- The paper introduces a novel back-gradient optimization technique for efficiently generating adversarial poisoning attacks on deep learning models.
- It extends the threat model to multiclass systems by distinguishing between error-generic and error-specific attacks, enhancing our understanding of data poisoning vulnerabilities.
- Experiments on tasks like spam detection and MNIST show that even a small set of adversarial examples can significantly degrade model performance and transfer across different algorithms.
"Towards Poisoning of Deep Learning Algorithms with Back-gradient Optimization"
Introduction
The paper "Towards Poisoning of Deep Learning Algorithms with Back-gradient Optimization" addresses the evolving threat of data poisoning in machine learning systems. By exploiting vulnerabilities inherent in the training data, adversaries can subvert learning processes.
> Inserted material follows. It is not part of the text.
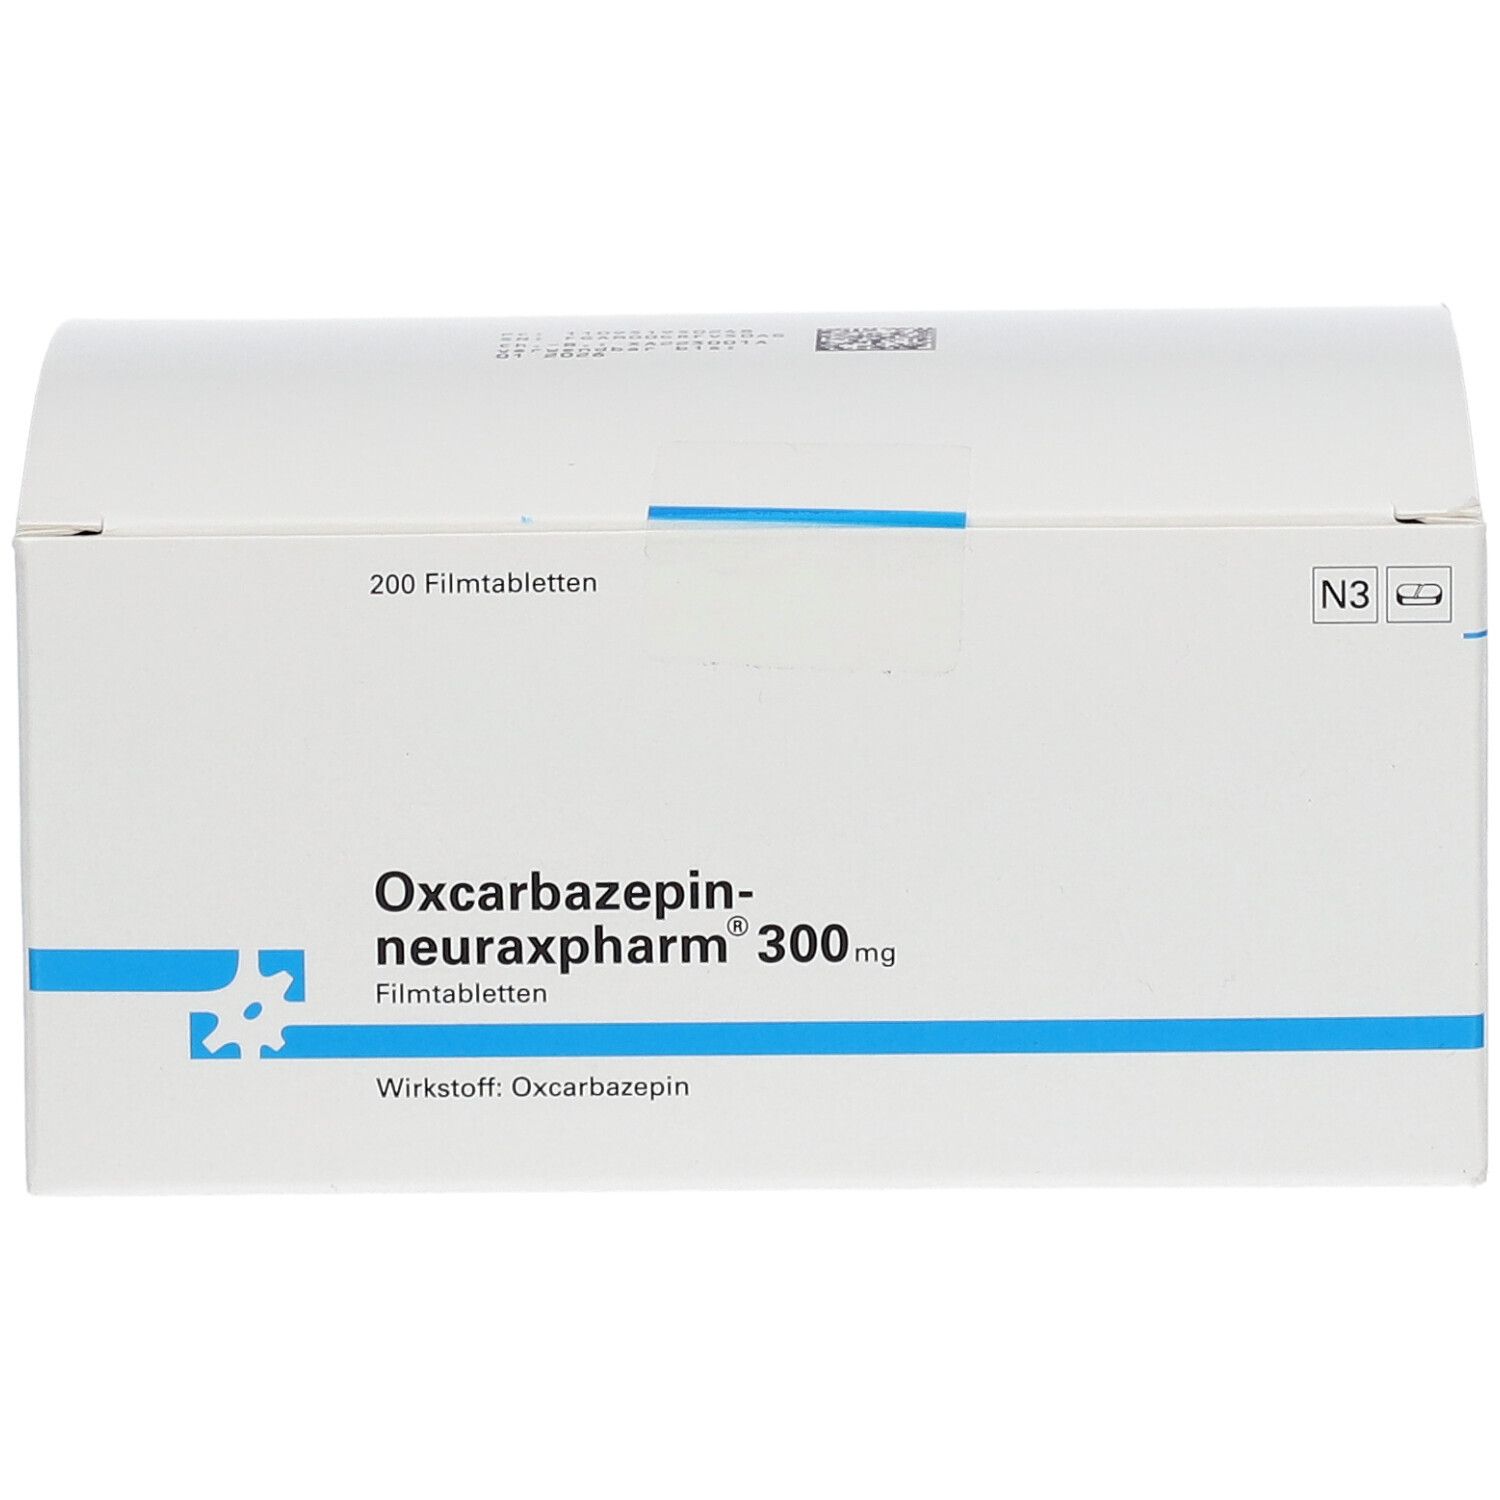 Oxcarbazepin-neuraxpharm® 300 mg
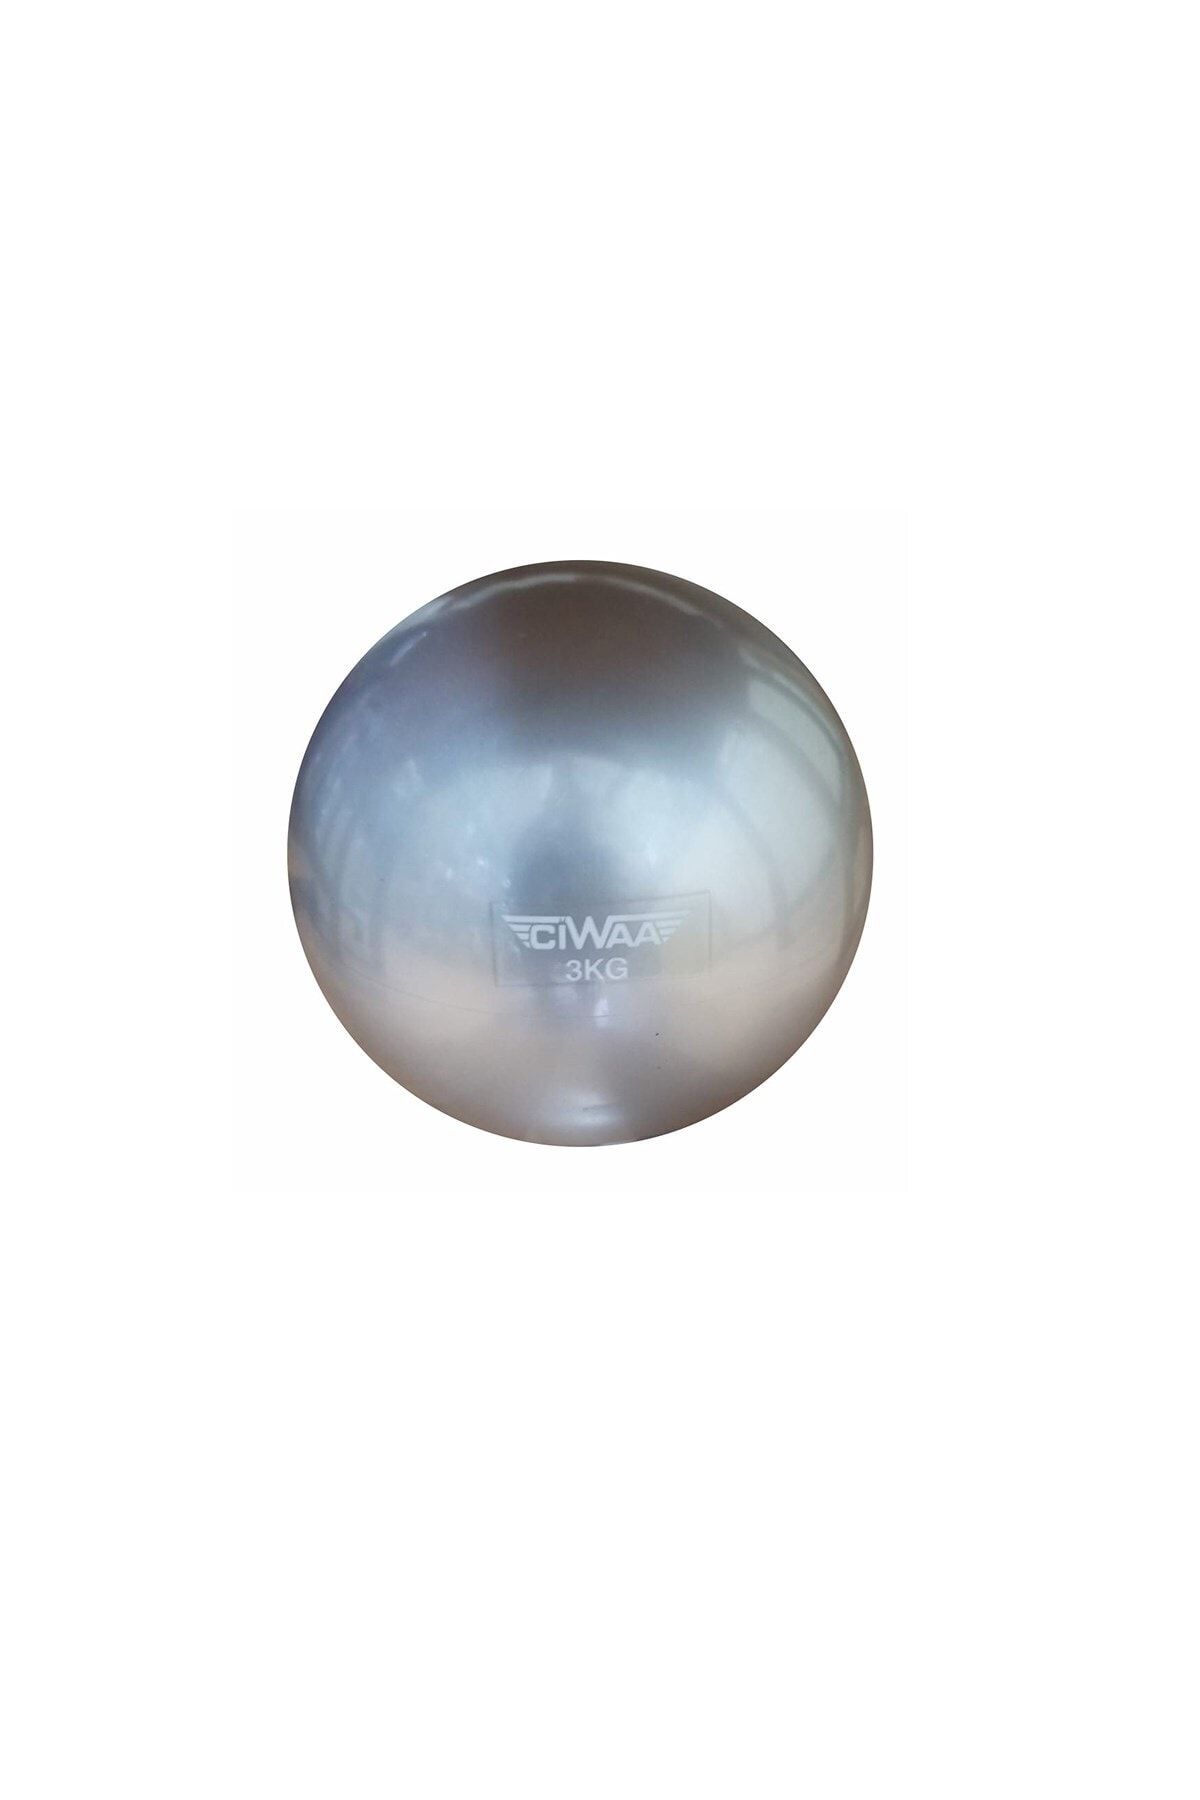 Ciwaa Cwa-939 Pilates Ağırlık Topu Pilates Toning Ball Denge Ve Ağırlık Topu 3 Kg

The research extends existing frameworks to consider multiclass systems and neural networks and introduces a novel algorithm based on back-gradient optimization for generating adversarial training examples.
Extending the Threat Model
The researchers expand the definition of data poisoning to include multiclass classification, which poses a greater challenge due to the increased complexity of potential misclassifications. They elaborate on the distinctions between error-generic and error-specific attacks, which respectively relate to increasing the general misclassification rate and targeting specific misclassification outcomes.
Back-gradient Optimization Technique
The paper proposes using back-gradient optimization to efficiently compute adversarial perturbations. Traditional methods rely on bilevel optimization, involving the solution of KKT conditions of the learning problem, which is computationally intensive. The newly suggested approach computes gradients using reverse-mode automatic differentiation, facilitating the generation of poisoning attacks that affect broader classes of algorithms, including those leveraging deep neural network architectures.
Experimental Evaluation

Figure 1: Results for PK poisoning attacks.
The effectiveness of the attack methodology was empirically validated through experiments involving spam, malware detection, and handwritten digit classification. It was demonstrated that neural networks, when poisoned accurately using back-gradient optimization, could substantially degrade in performance with a relatively small set of adversarial examples. Moreover, evidence of transferability in such attacks was provided, corroborating that adversarial samples created for one learning algorithm could impact others, underscoring the cross-model robustness of the attack.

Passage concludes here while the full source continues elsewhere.